En cela, Fletcher inscrit son film au sein d’une longue tradition d’œuvres sportives à la fois populaires et éminemment fédératrices. L’efficacité d’EDDIE THE EAGLE n’est pas fondamentalement différente de celle qui naissait des mises en scènes aussi modestes, élégantes et judicieuses d’un Ron Howard sur RUSH ou d’un Gavin O’Connor sur l’injustement méconnu WARRIOR (pour ne nommer que les réussites les plus récentes). Et à l’instar de l’accueil critique que ces derniers reçurent, il n’est pas surprenant de voir bon nombre de journalistes et de cinéphiles tenter de contrebalancer l’enthousiasme immodéré que le film est parvenu à susciter auprès de son public, lui refusant une virtuosité technique qu’il n’est certes pas forcément facile à percevoir du premier coup d’œil. Or sans être avant-gardiste – un statut auquel il ne prétend pas de toute façon – EDDIE THE EAGLE est un film brillant dans sa conception, et la preuve en est que son impact est si fort qu’il est sans aucun doute le meilleur « crowd pleasure » de ce semestre.
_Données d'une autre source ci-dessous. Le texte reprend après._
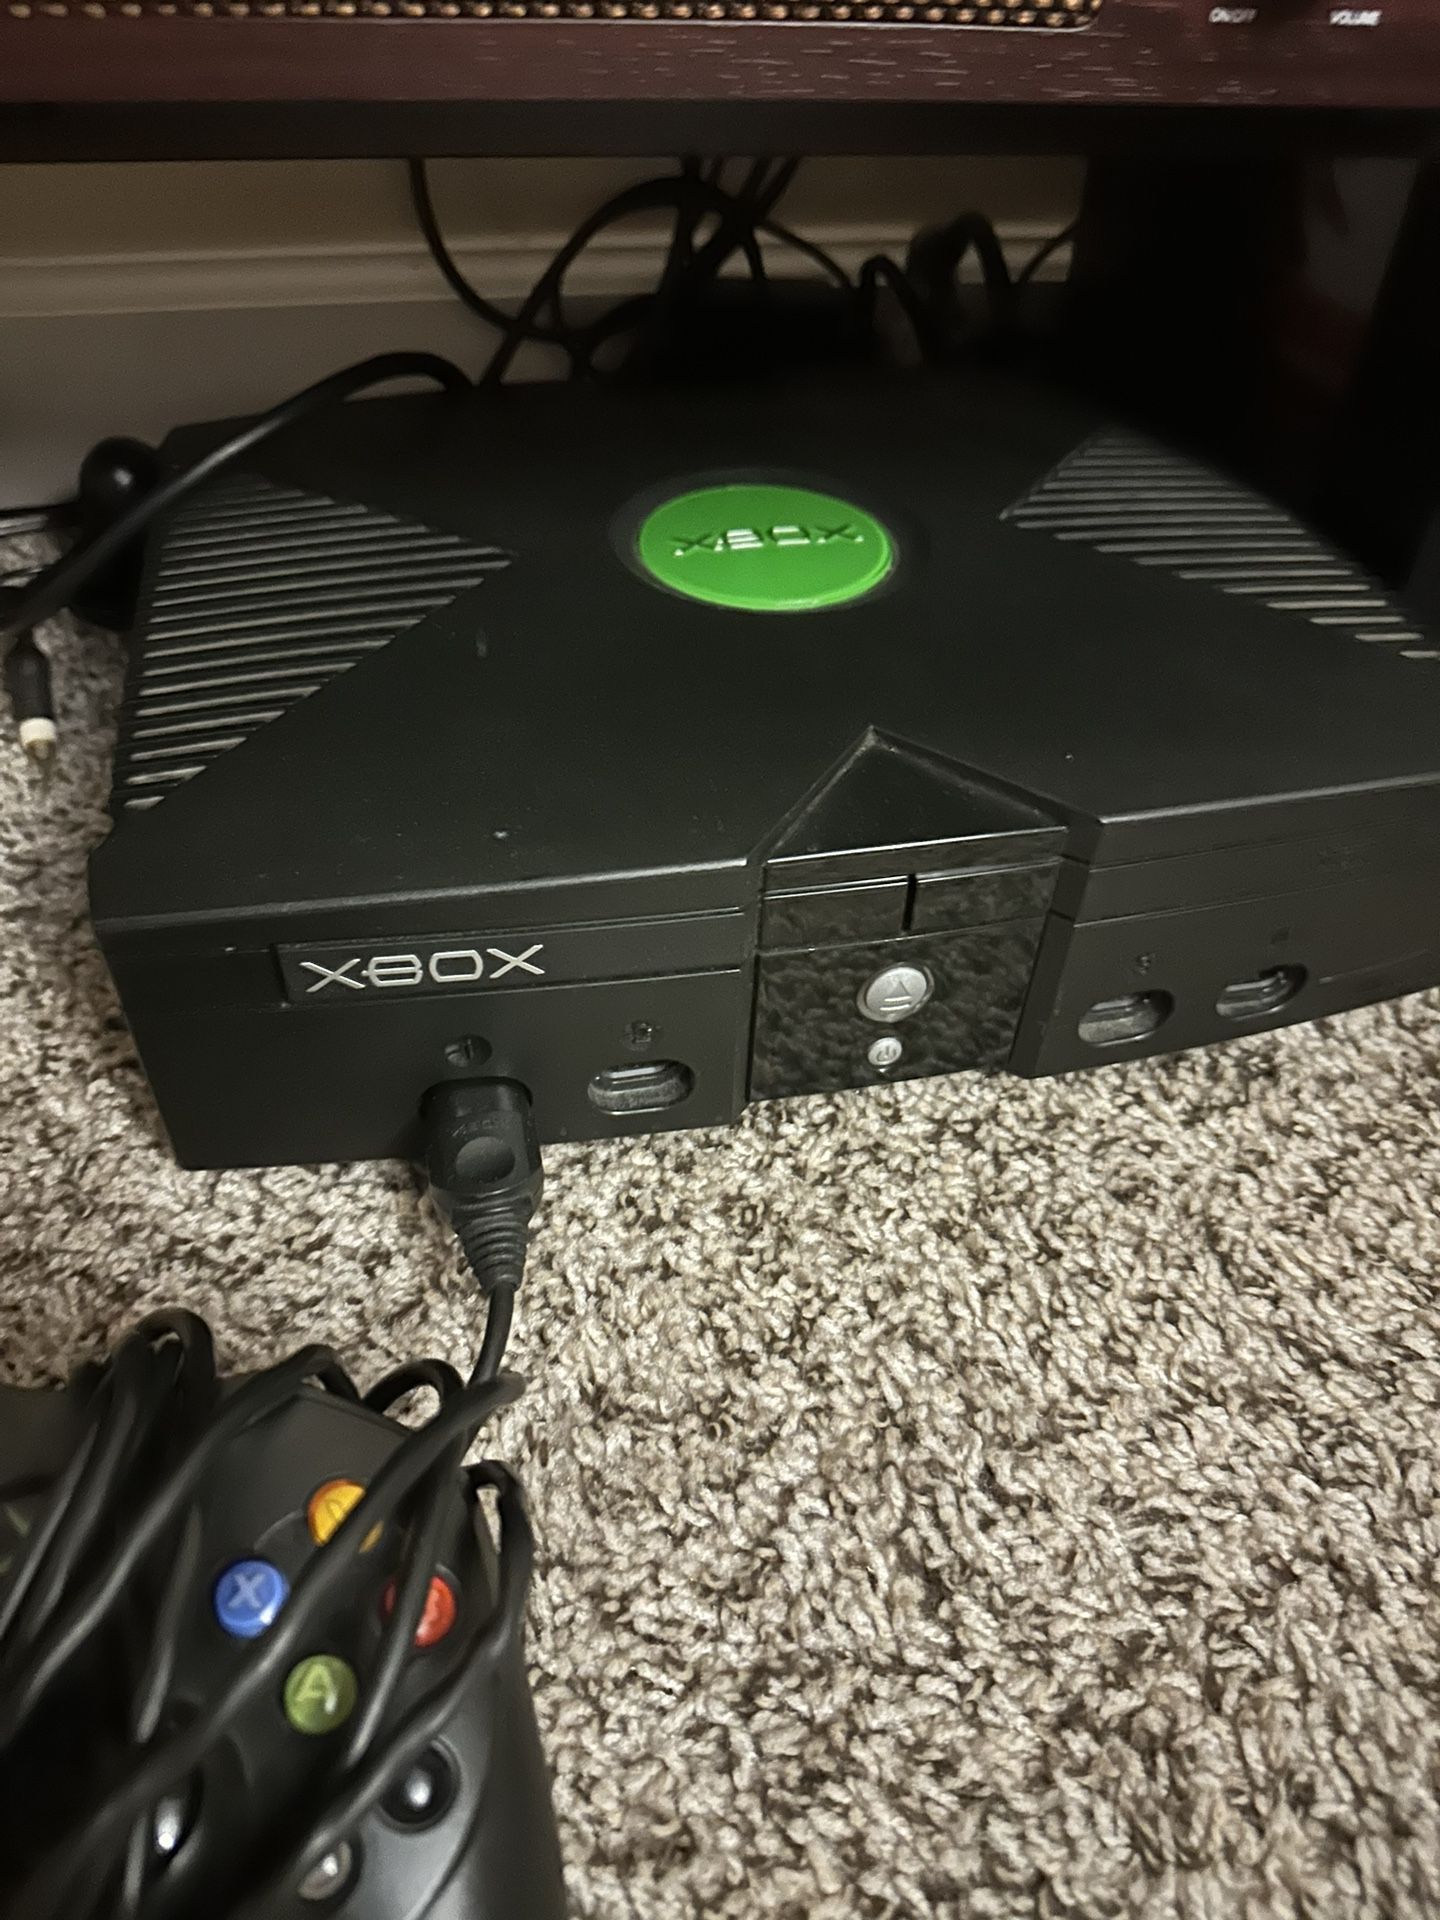 First XBOX console
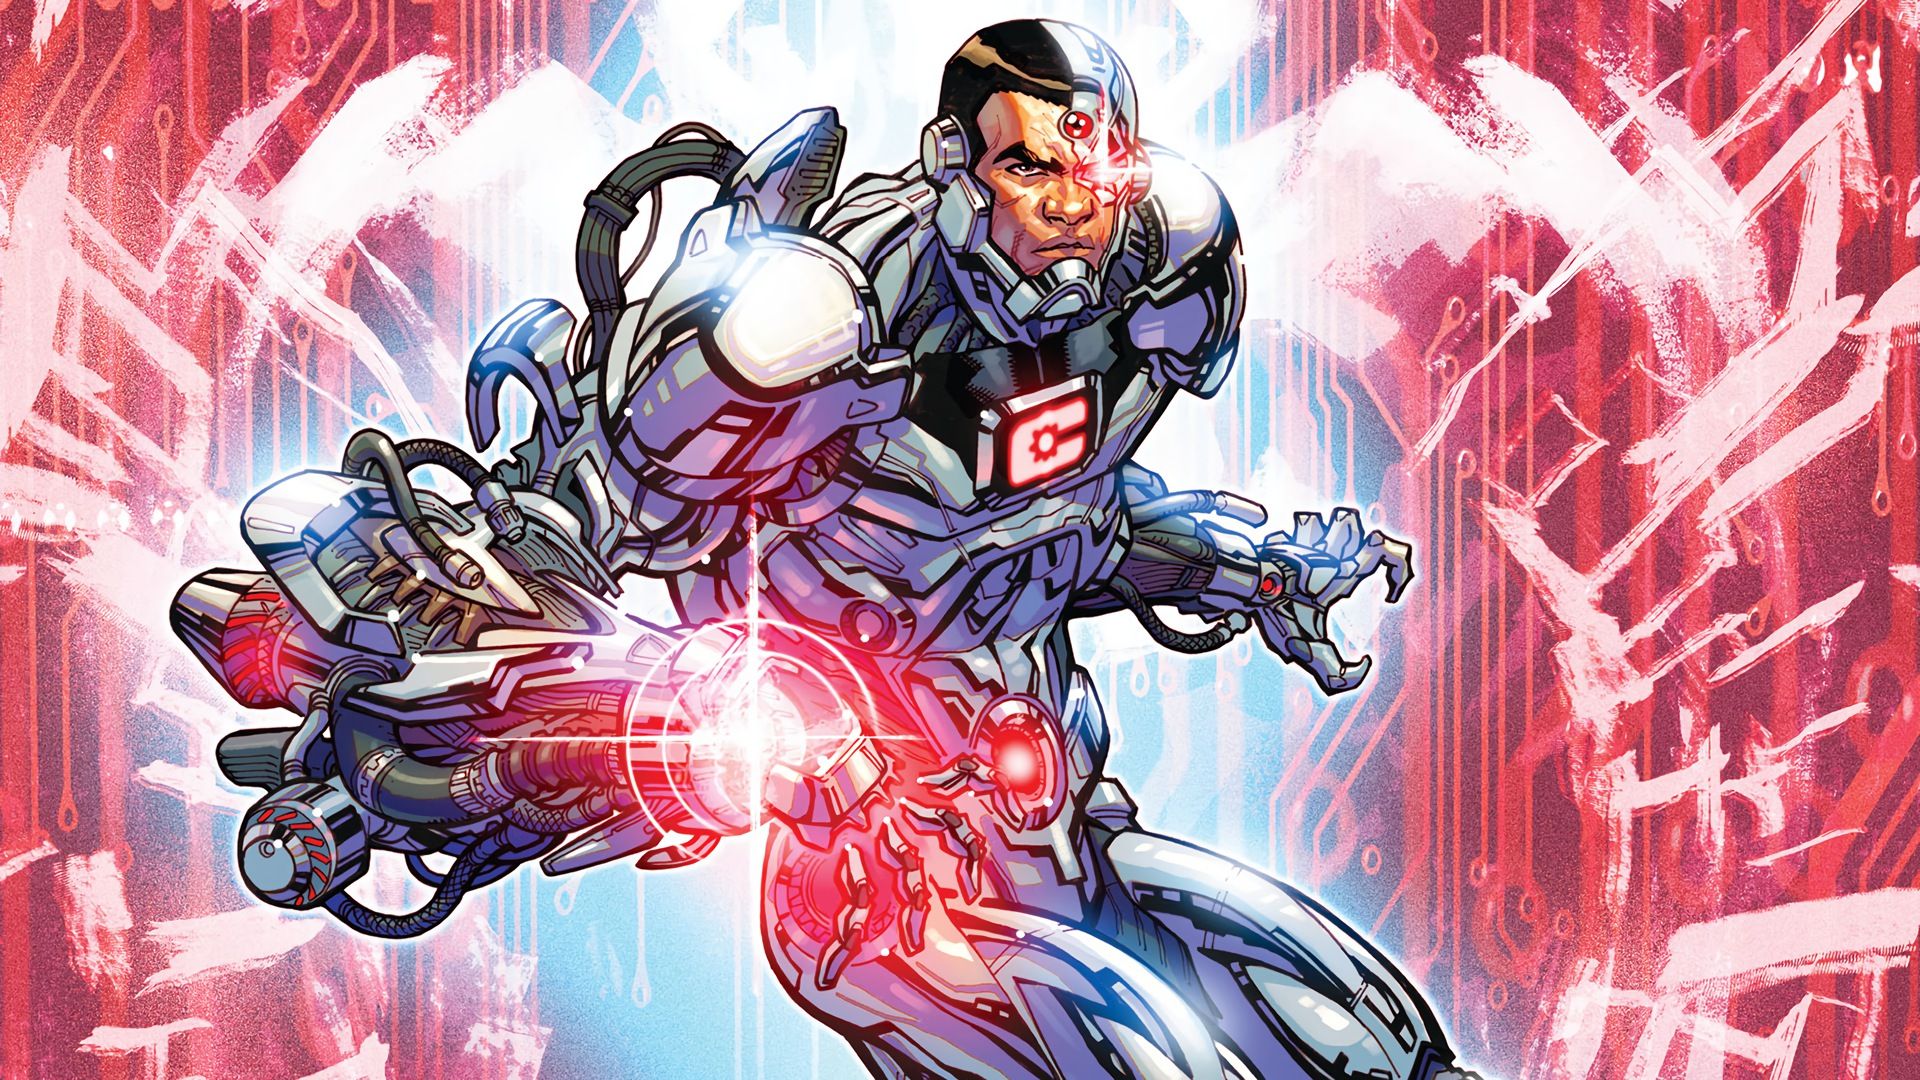 30 Crazy Facts About Cyborg’s Body

Il est très facile de se laisser duper par un long métrage prétentieux et tape-à-l’œil. A notre époque où le cynisme et le pessimisme vont de pair avec une gesticulation excessive et une offuscation permanente, il est évident qu’un film comme EDDIE THE EAGLE condense à peu près tout ce qui ne répond pas aux attentes du moment et ne saurait donc être considéré avec sérieux tant son message et son approche vont à l’encontre de ces postures susmentionnées. Le fait qu’il ne surcompense pas en plus son récit balisé par une mise en scène consciente d’elle-même, surchargée d’effets ostentatoires, détachée du récit qu’elle est supposée servir fait qu’EDDIE THE EAGLE peut sembler trop sage, trop gentil et trop anodin en comparaison d’un CREED. Pourtant ce dernier passe une large partie de son temps à faire des moulinets en pure perte, en plus de s’emmêler les pinceaux avec un propos et un héritage qu’il ne maitrise pas.

Cette période troublée dans laquelle nous vivons, complexe et en proie à une terreur généralisée, nous a fait perdre le goût des histoires simples mais directes. Nous ne sommes plus impressionnés que par l’esbroufe narrative et sommes donc prêts à pardonner n’importe quoi, y compris l’agencement de « twists » le plus illogique et nonsensique pourvu que celui-ci nous maintienne dans un état de surprise permanent. Le moindre récit qui ose aujourd’hui se reposer sur des figures archétypales et classiques pourtant admises dans l’inconscient collectif depuis des décennies expose automatiquement ses flancs à une critique forcément sceptique. Or le respect d’un ensemble de codes narratifs ne revient pas forcément à réemployer mollement une multitude de clichés. Si certains de ces codes sont évidemment usés jusqu’à la corde, au point de ne plus fonctionner auprès d’un public habitué à les voir ressurgir, chacun d’entre eux contient malgré tout en lui une forme de vérité : s’ils ne fonctionnaient pas, jamais ils n’auraient été réutilisés.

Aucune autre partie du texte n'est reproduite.